I think that although we talk about parallel processing, we are actually working it in traditional fashion, somewhat against the user's interest in the sense that we are placing additional algorithmic constraints on the user's ability to get the work done. We have not provided standard languages and systems to the point where you can implement something and move it across systems. A whole different set of disciplines is required in terms of understanding and mapping a problem. In that, I think we are creating a full-employment role for system programmers, although I suspect that is against our interest as a country. We need to basically deliver tools to get the job done for the end user who is being productive and the end user who is not a programmer.
In 1976, Seymour Cray said that one of the problems with being a pioneer is that you always make mistakes. In view of that remark, I never, never want to be a pioneer; it is always best to come second, when you can look at the mistakes the pioneers made. Put another way, the fast drives out the slow, even if the fast is wrong, which kind of goes with the
idea that good software is never noticed. As a software developer, I would not like to be in a position of saying that our software will never be noticed.
Lagging I/O is certainly a focus at SSI because as the machines change balances, you add compute power and memory power and do not necessarily deal with the I/O problem. You end up again bending the user's view of the machine and bending the user's ability to get an application to run.

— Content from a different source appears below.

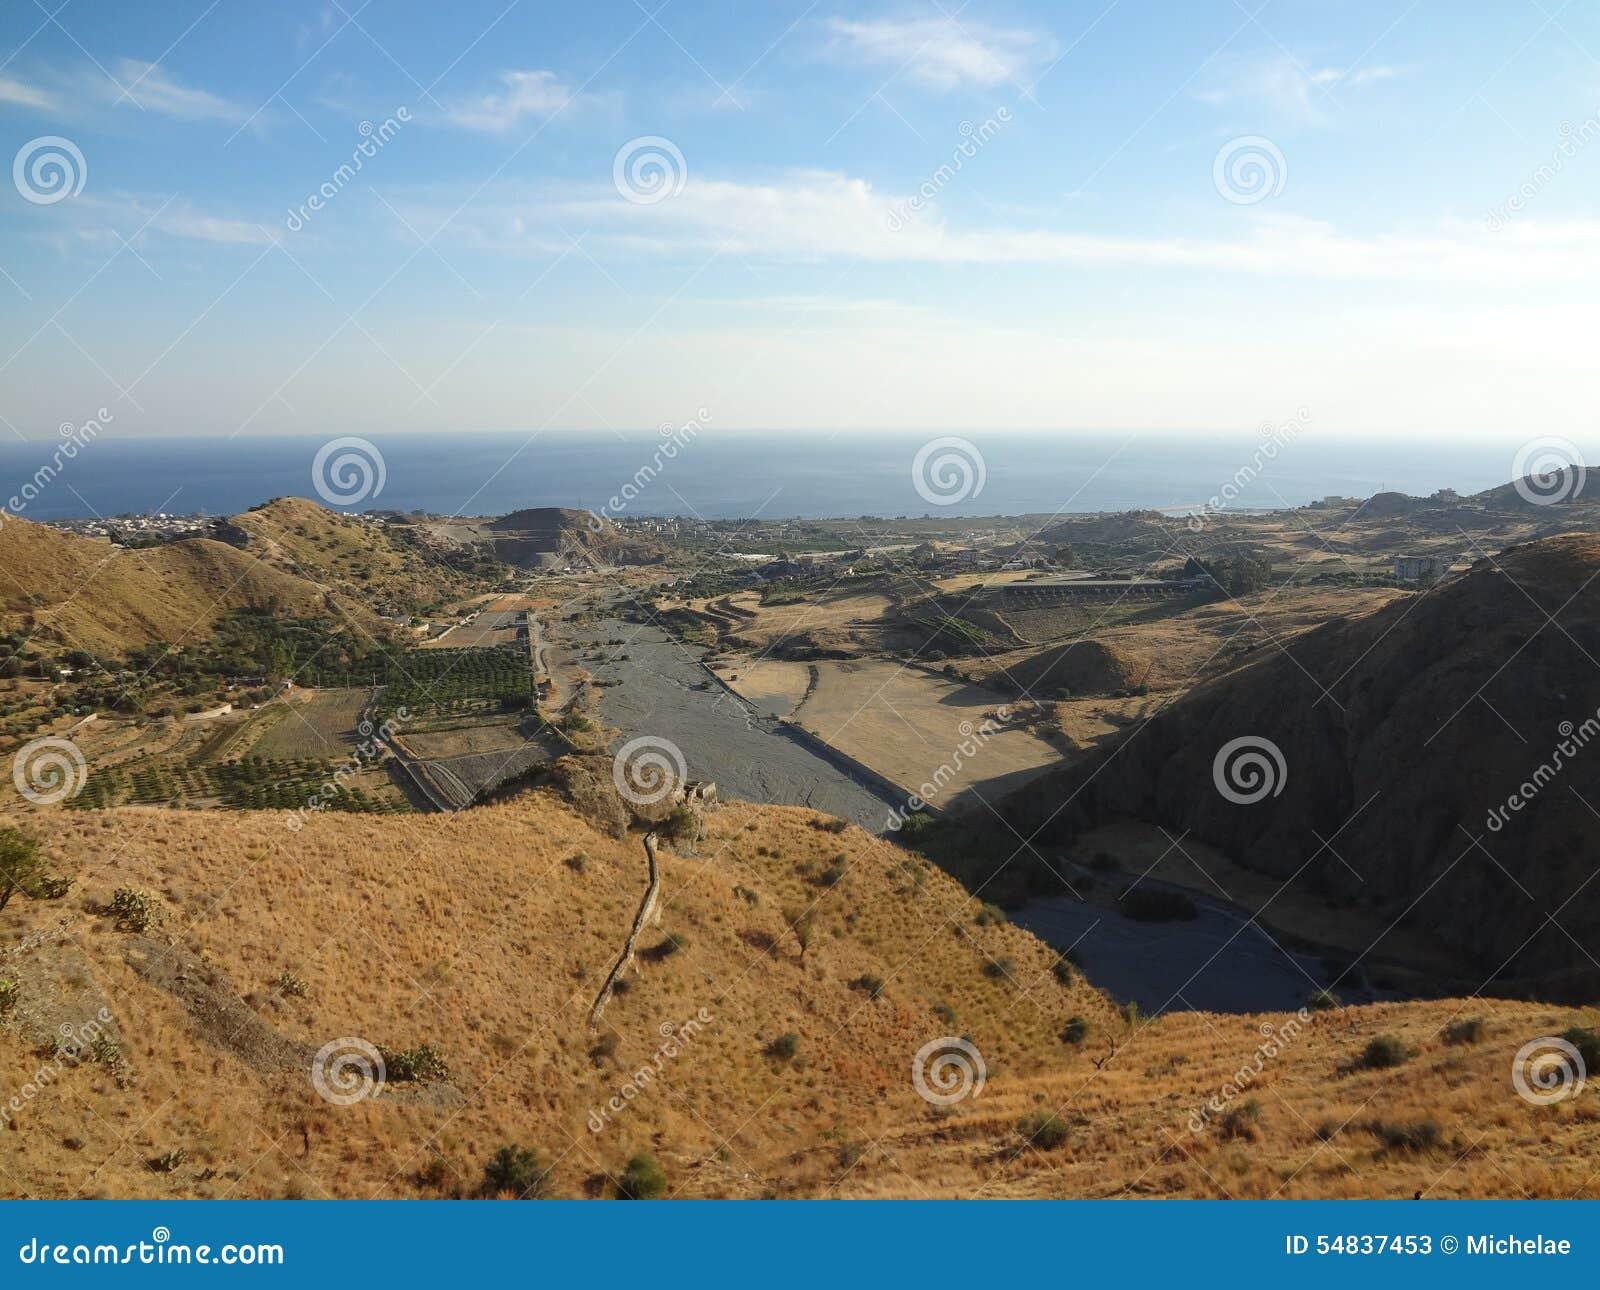 Valley below Pentedattilo

I think Los Alamos National Laboratory is to be commended for Don Tolmie's efforts in the arena of high-performance parallel interface (HIPPI). I think because of the 200-megabyte HIPPI, there is some chance that we will be able to bring I/O back into balance in the next generation of machines.
We can start looking at data-parallel applications and start talking about what it means to really deliver 1012 floating-point operations per second (TFLOPS), or even hundreds of TFLOPS. And having done so, we will realize what it means when memory is the processor. The challenge of the future architectures is less about the processor as an entity unto itself with some memory access and more about the memory actually being a processor.
My bottom line is that the massively parallel work that is going on—in which people actually look at algorithms in terms of data-parallel applications and look at vector machines and multiple-processor vector machines—does us nothing but good in the traditional world. The memory-as-processor is probably what will develop in the next five years as the real solution to get a TFLOPS at a reasonable rate, perhaps bypassing the people that have focused on the floating-point, 32- or 64-bit domain.